UC News

Sejarah Singkat Dataran Tinggi Golan yang Jadi Rebutan Israel-Suriah

Sejarah Singkat Dataran Tinggi Golan yang Jadi Rebutan Israel-Suriah

FacebookTwitterWhatsAppLineTelegramFacebook MessengerEmail

Pada Maret 2019, Presiden AS Donald Trump memberikan kejutan dengan mendukung kontrol Israel atas Dataran Tinggi Golan. Wilayah itu telah lama diklaim oleh Suriah dan Israel, walau Israel secara tidak sah mencaplok wilayah itu selama Perang Enam Hari tahun 1967. Namun pada Jumat (15/11), PBB mengecam pendudukan ilegal Israel di Dataran Tinggi Golan dan mengharuskan Israel mengembalikannya ke Suriah. Apa sebenarnya signifikansi wilayah tersebut? Berikut sejarah singkat Dataran Tinggi Golan.

Baca juga: Pengakuan Golan adalah Ejekan dan Pelanggaran Hukum Internasional

Dalam sebuah tweet pada Kamis (21/3), Presiden AS Donald Trump menyuarakan dukungannya atas kontrol Israel atas Dataran Tinggi Golan, yang mengubah berpuluh-puluh tahun kebijakan Amerika Serikat.

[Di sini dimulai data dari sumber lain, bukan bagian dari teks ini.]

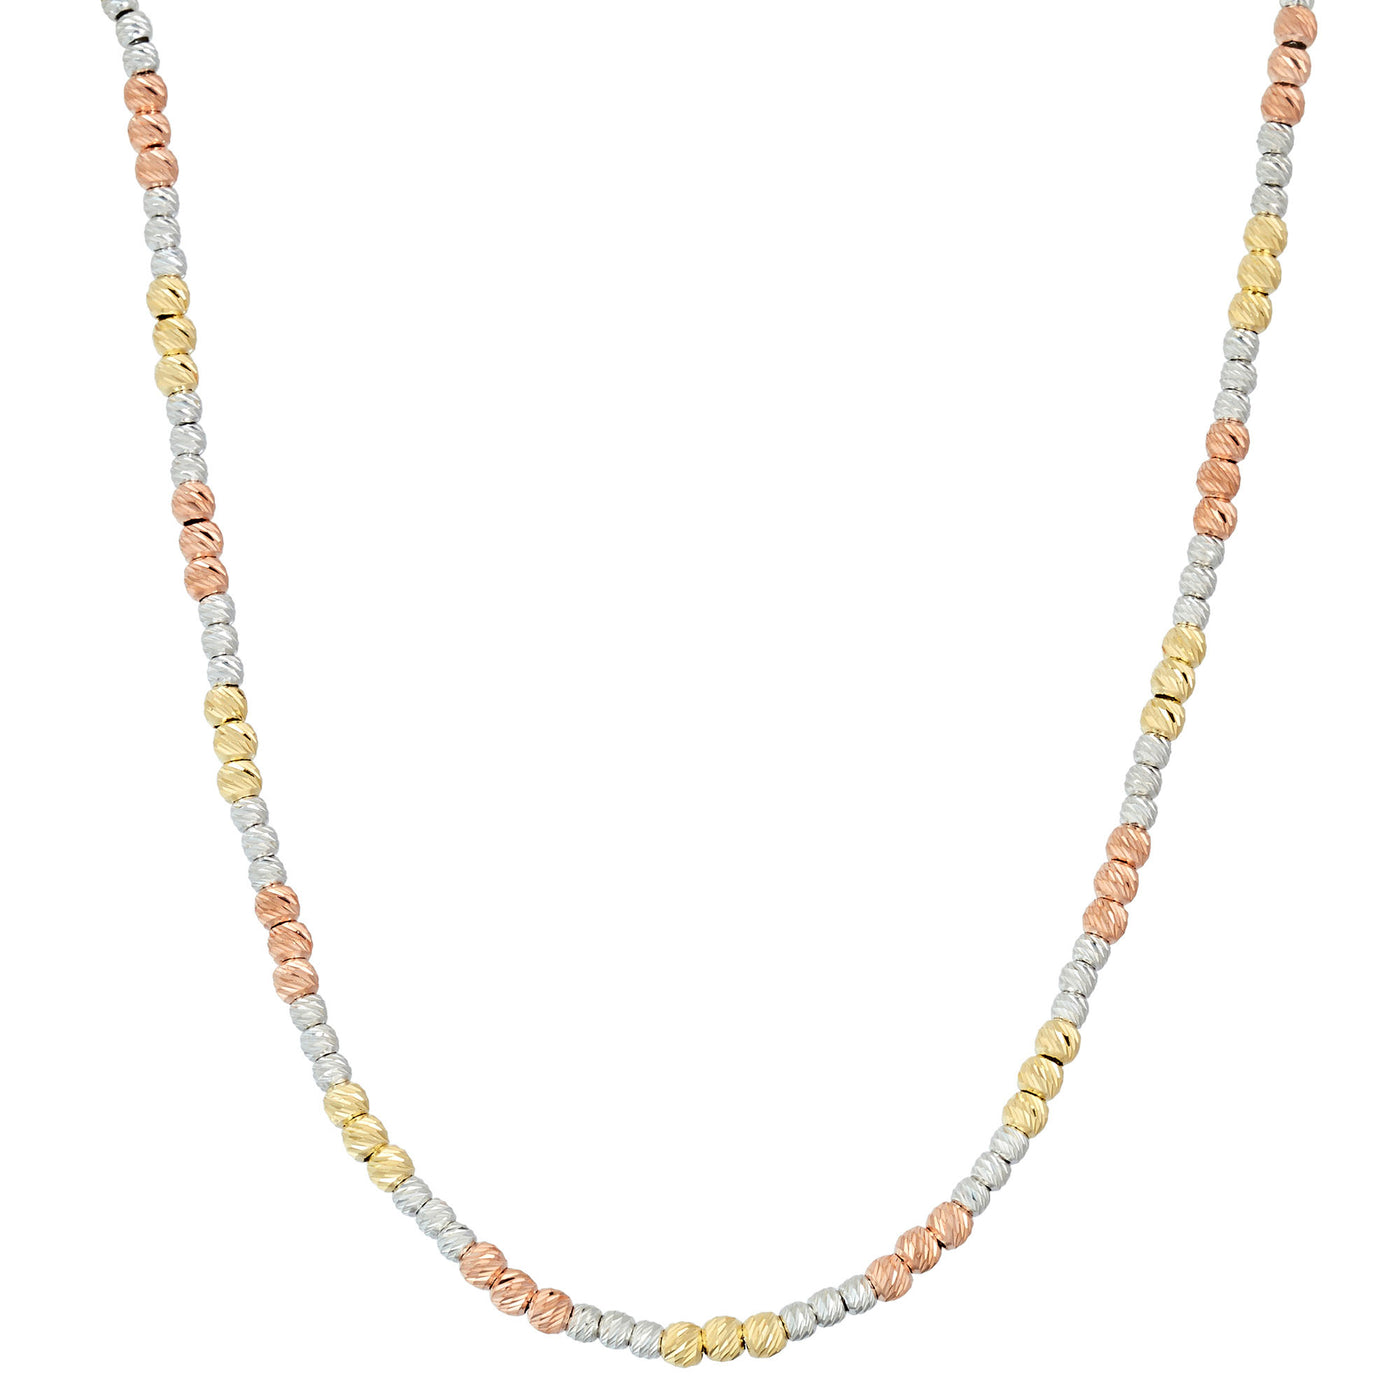 Rebecca Sloane Tri-Color Silver Station Necklace with Facet Beads

Langkah ini mendorong Dataran Tinggi Golan—dataran tinggi subur di samping Danau Galilea yang telah menjadi salah satu perbatasan Israel yang lebih tenang selama setengah abad—kembali menjadi berita utama internasional.

Wilayah ini mencakup 500 mil persegi dan menawarkan pandangan luas ke Suriah dan Israel, menjadikannya wilayah militer yang strategis. Wilayah itu direbut oleh Israel dari Suriah selama Perang Enam Hari 1967, dan sejak itu telah diklaim oleh kedua negara.

Advertisement

Bagaimana wilayah itu bisa berada di bawah kendali Israel?

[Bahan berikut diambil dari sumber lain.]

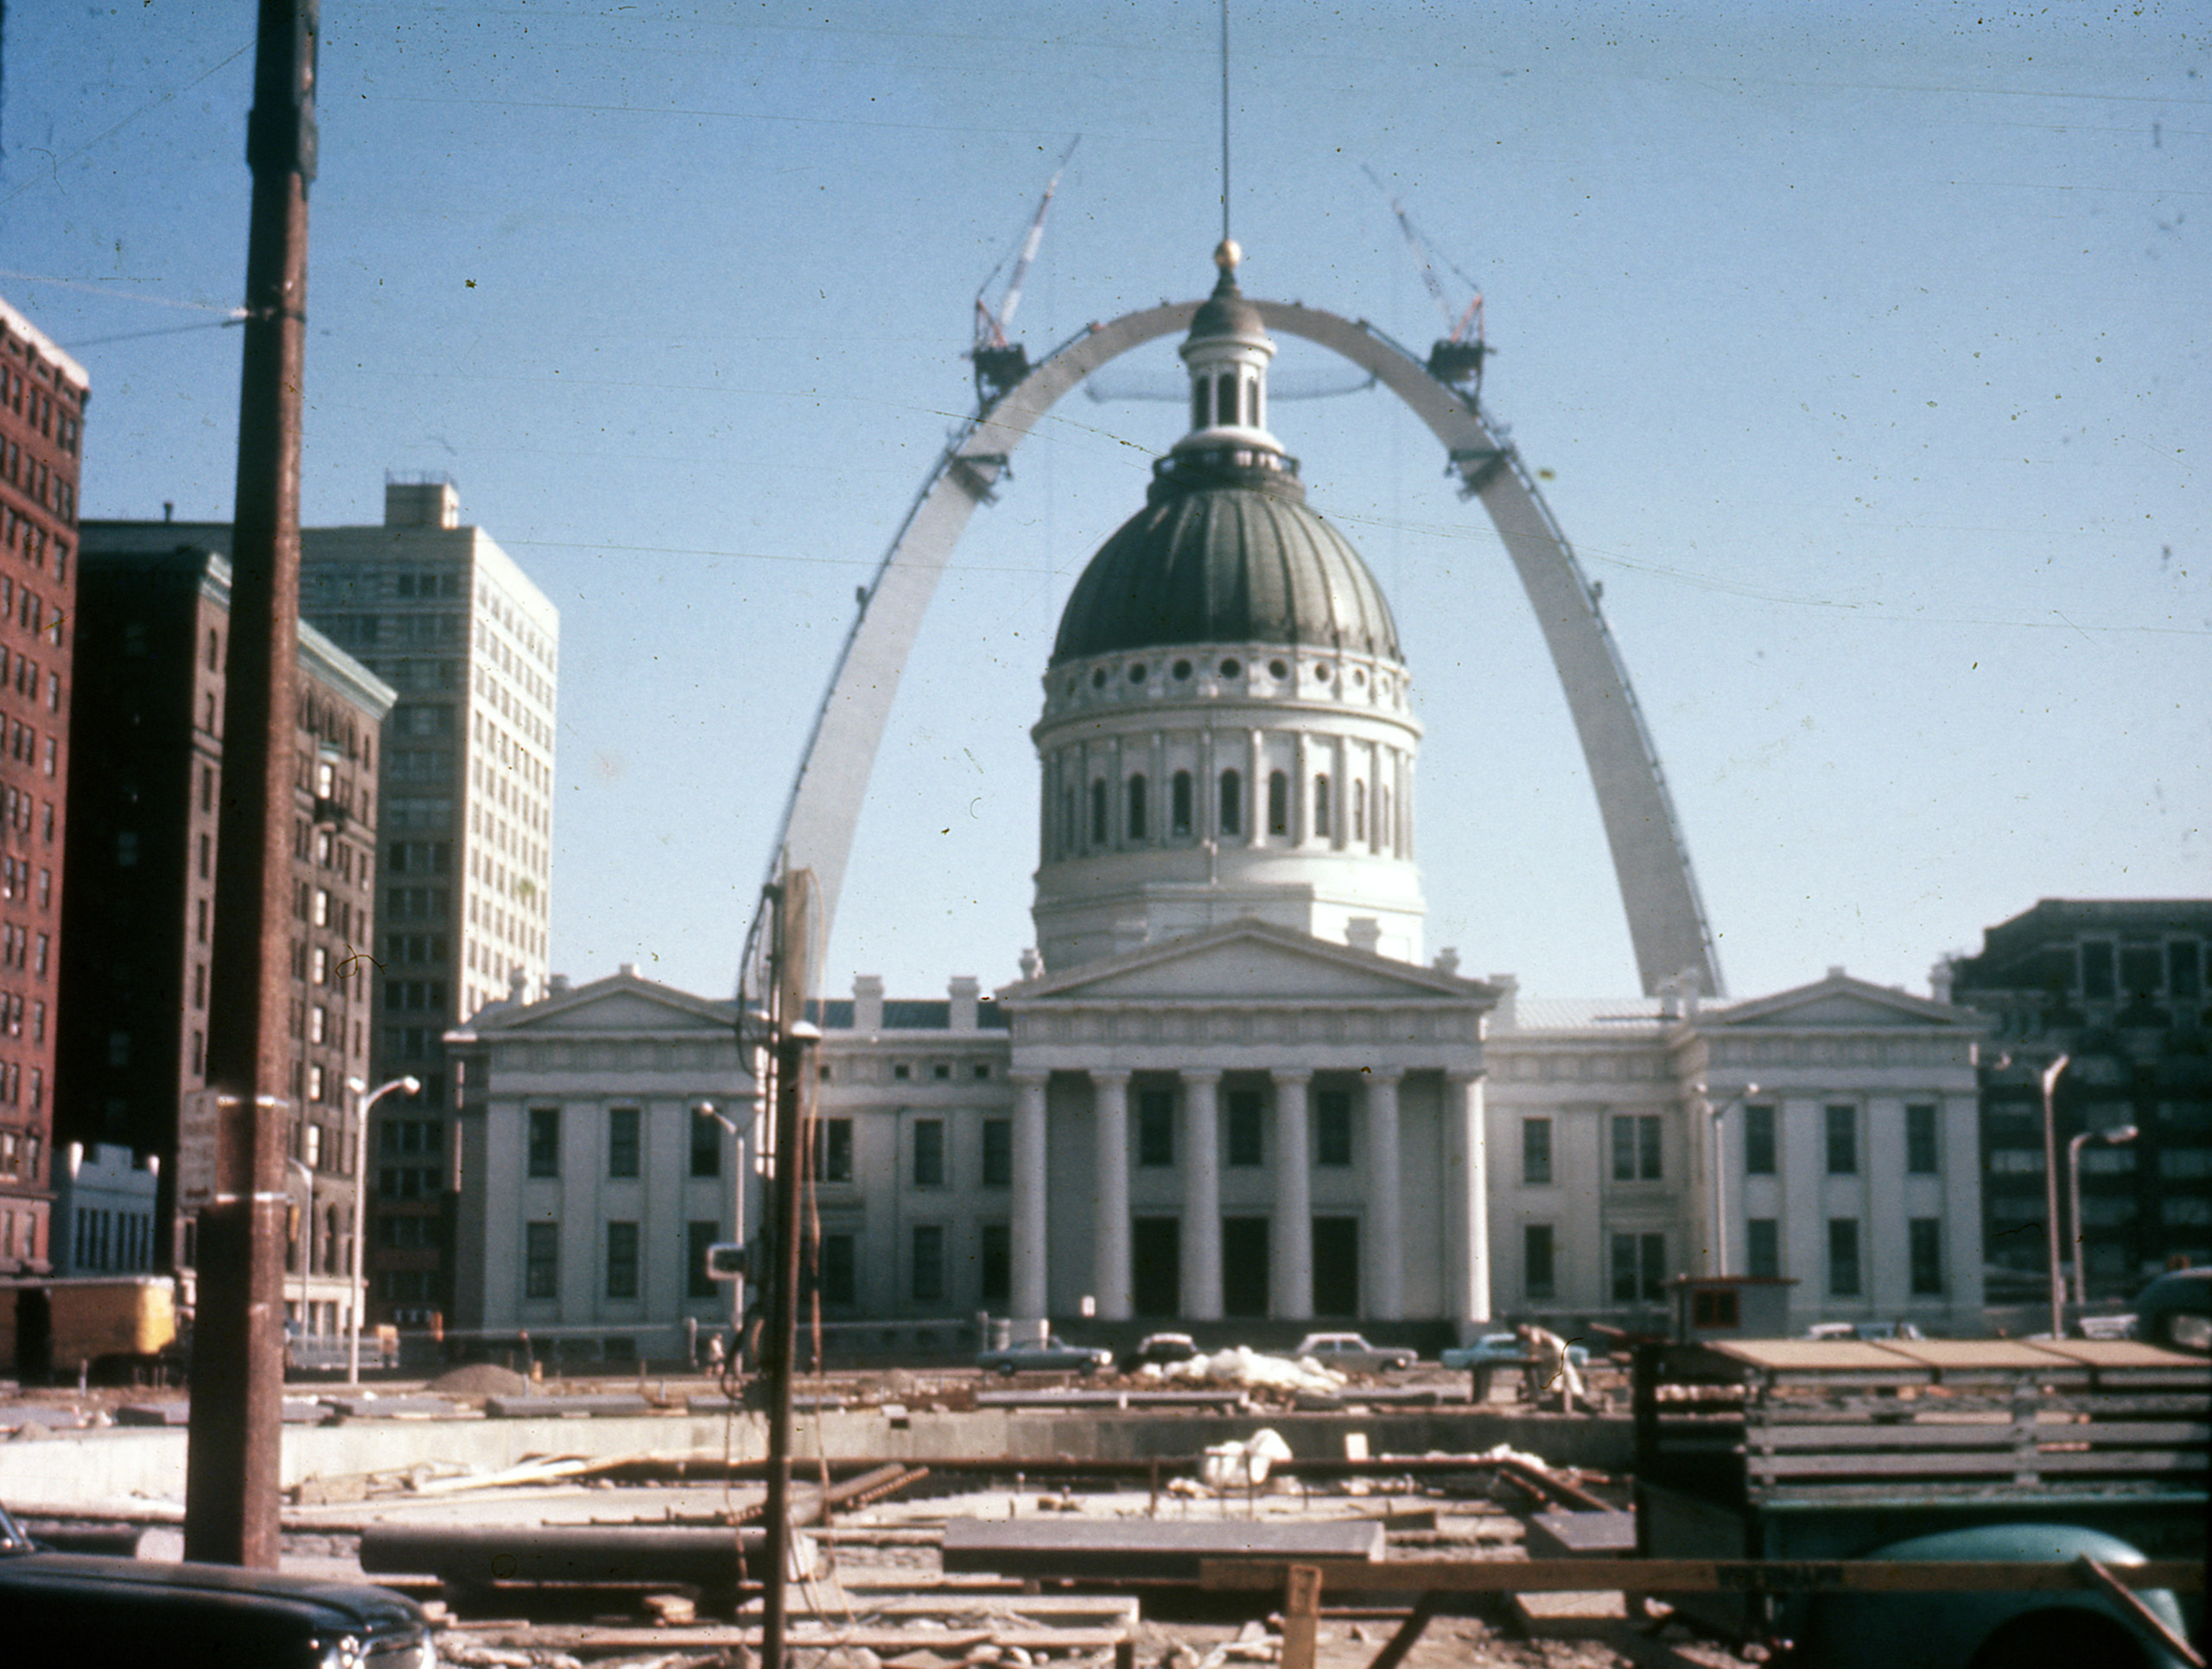 Arch and Old Courthouse with creeper cranes still attached.

Perang Enam Hari pada Juni 1967 berakhir dengan kemenangan menentukan bagi Israel, yang merebut Dataran Tinggi Golan dari Suriah. Pasukan Suriah memulai upaya gagal untuk merebut kembali wilayah itu pada tahun 1973. Perang itu berakhir dengan gencatan senjata yang membuat sebagian besar Dataran Tinggi Golan berada di tangan Israel. Pada tahun 1981, Israel mengeluarkan hukum yang secara efektif mencaploknya.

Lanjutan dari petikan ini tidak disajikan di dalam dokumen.